Sending Binary Post Data on HTTPSocket

I’m trying to send a JPEG file to a device via a POST command. I’m supposed to send a binary post. I’ve tried using image/jpeg, application/octet-stream, multipart/url-encoded. None give me the result I am expecting. The device should give back an status of 202 if the file transfer is successful. Instead I’m just getting back 200.

The specific Xojo object I’m using is a Xojo.Net.HTTPSocket in an iOS app, but I posted in General as this could apply to a URLConnection as well.

What am I doing wrong?

Possibly nothing – all 2xx status values should be a variation on success. The definition of 202 is supposed to be:

6.3.3. 202 Accepted

The 202 (Accepted) status code indicates that the request has been accepted for processing, but the processing has not been completed. The request might or might not eventually be acted upon, as it might be disallowed when processing actually takes place. There is no facility in HTTP for re-sending a status code from an asynchronous operation. The 202 response is intentionally noncommittal. Its purpose is to allow a server to accept a request for some other process (perhaps a batch-oriented process that is only run once per day) without requiring that the user agent’s connection to the server persist until the process is completed. The representation sent with this response ought to describe the request’s current status and point to (or embed) a status monitor that can provide the user with an estimate of when the request will be fulfilled.

The above is from here, so are you sure the file is not really being accepted?

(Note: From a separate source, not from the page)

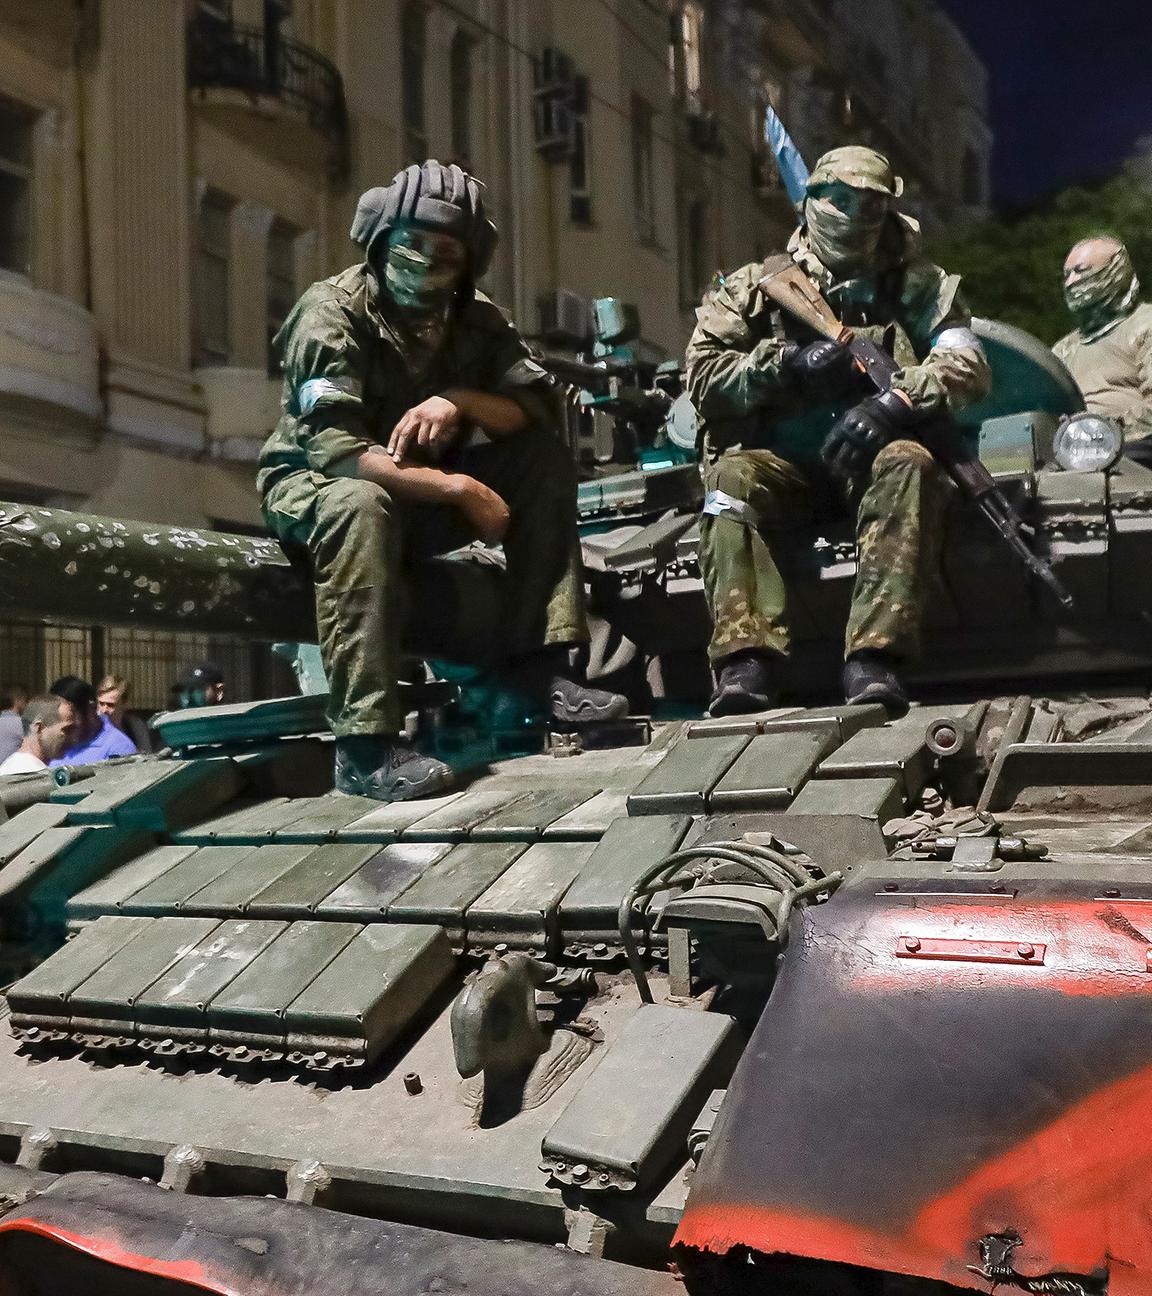 Angehörige der Wagner Group sitzen auf einem Panzer auf einer Straße in Rostow am Don, Russland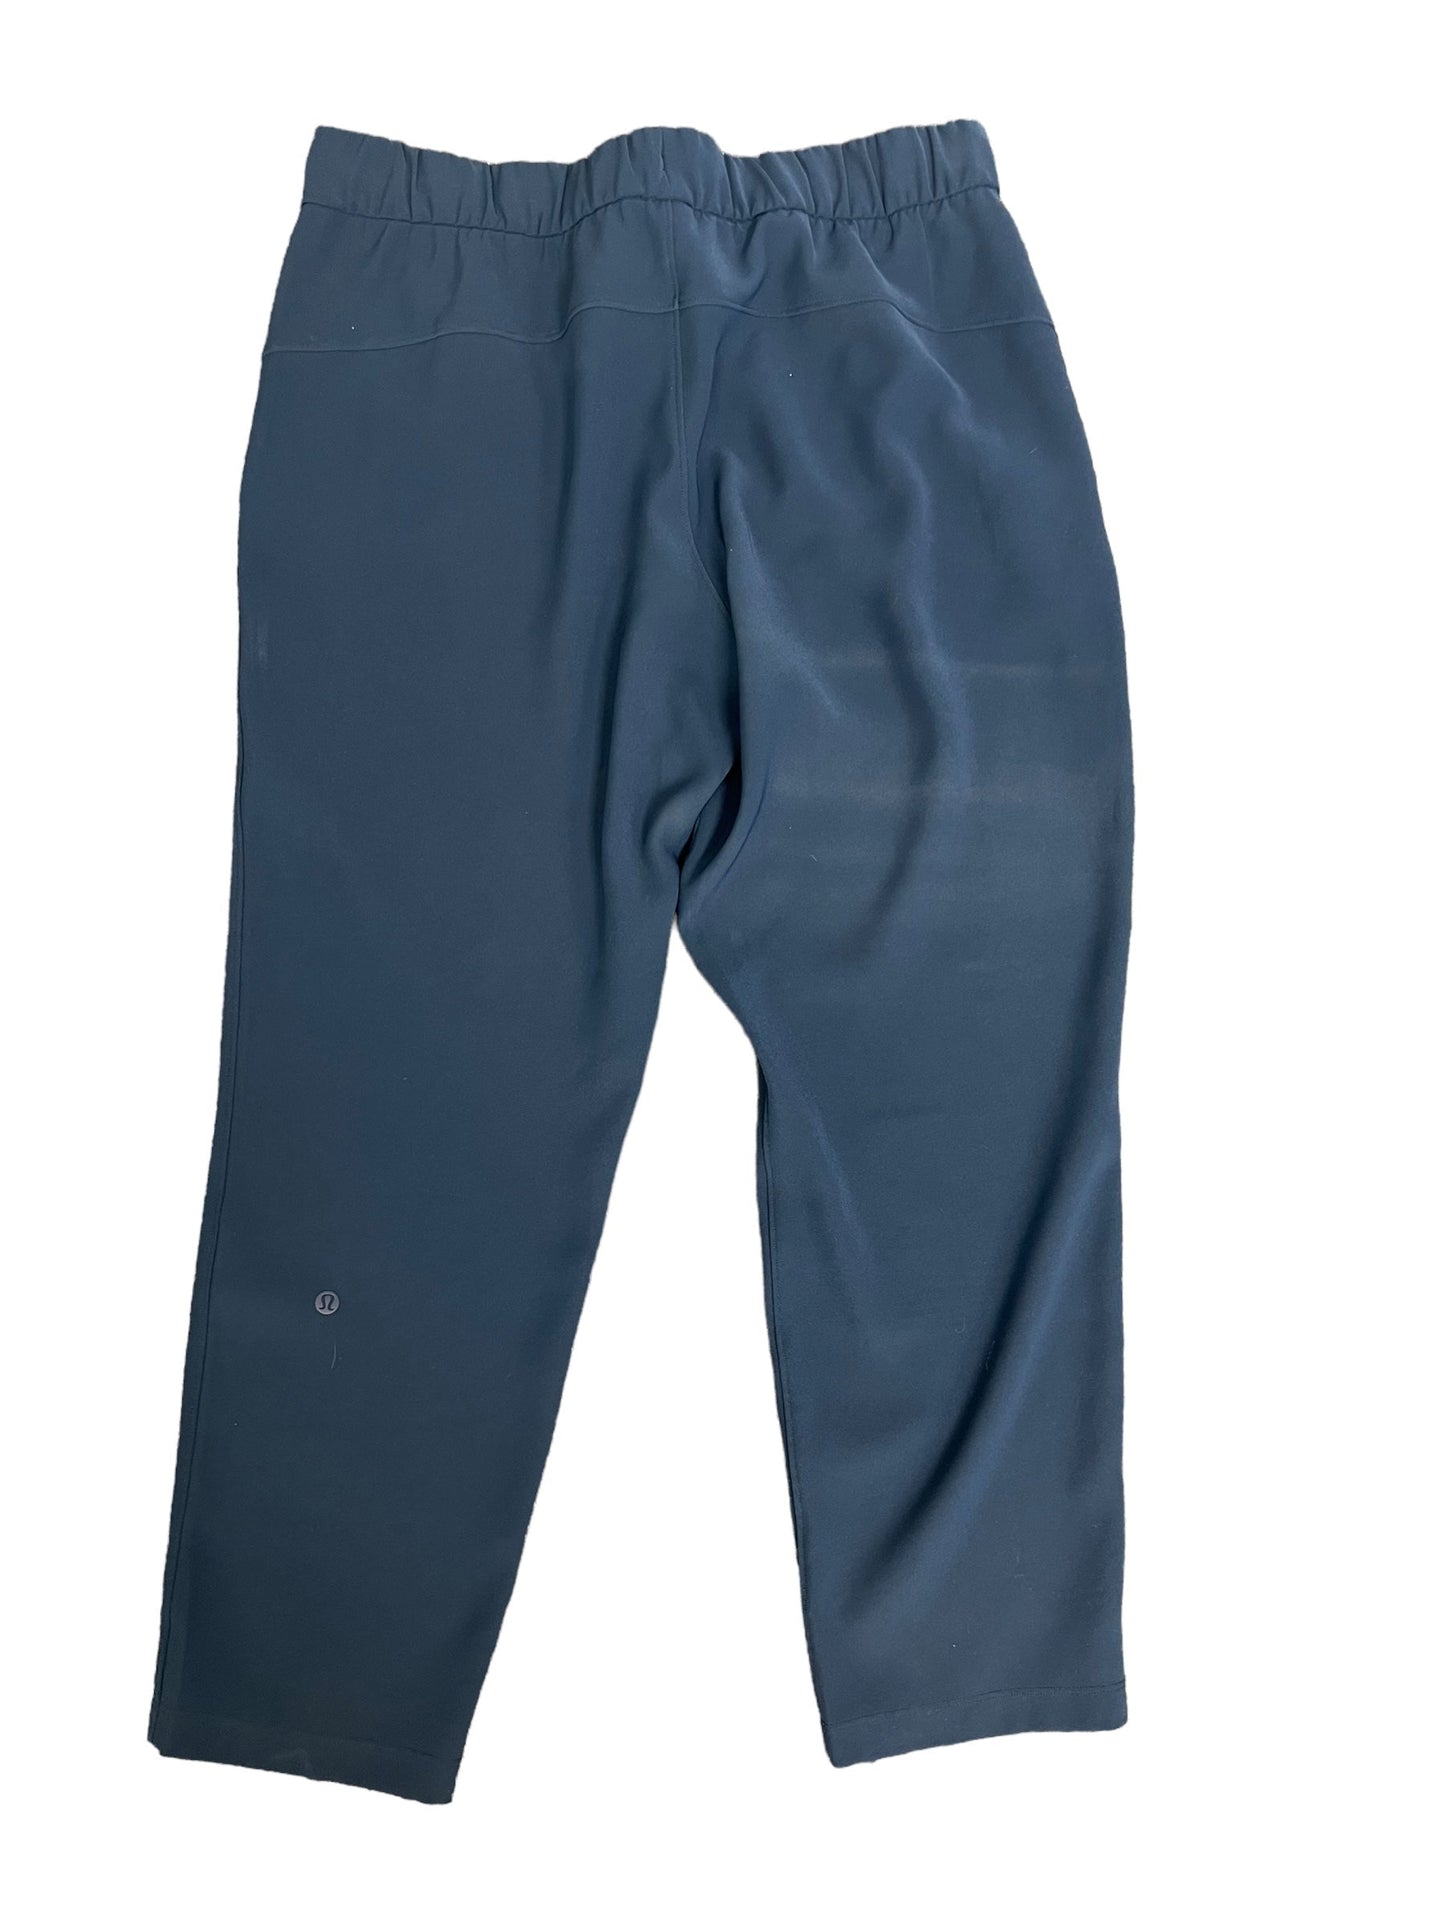 Navy Athletic Pants Lululemon, Size 12

Yeah, I can’t find it where It is supposed to be on the device. That’s why I don’t think it is working.

On the POST do you get back any body content? Perhaps a JSON response with a success false flag and an error message?

Try sending the request via something like Postman or Paw or similar to remove Xojo from the equation and see if it acts the same or different on the device.

I get back nothing other than the 200 status code. I’ll try using one of the suggested services you mentioned.

A POST request containing a binary upload is likely going to be multipart/form-data. I wrote about doing this with HTTPSocket, but it needs to be updated for recent editions of Xojo.

So I tried setting my content type as multipart/form-data. Still didn’t work.

Do I then need to use your method to re-encode it? That’s going to take a bit of effort as I’m using Xojo.Net.HTTPSocket which is all done with MemoryBlocks. I’ll have to take a look at your class and see if I can translate…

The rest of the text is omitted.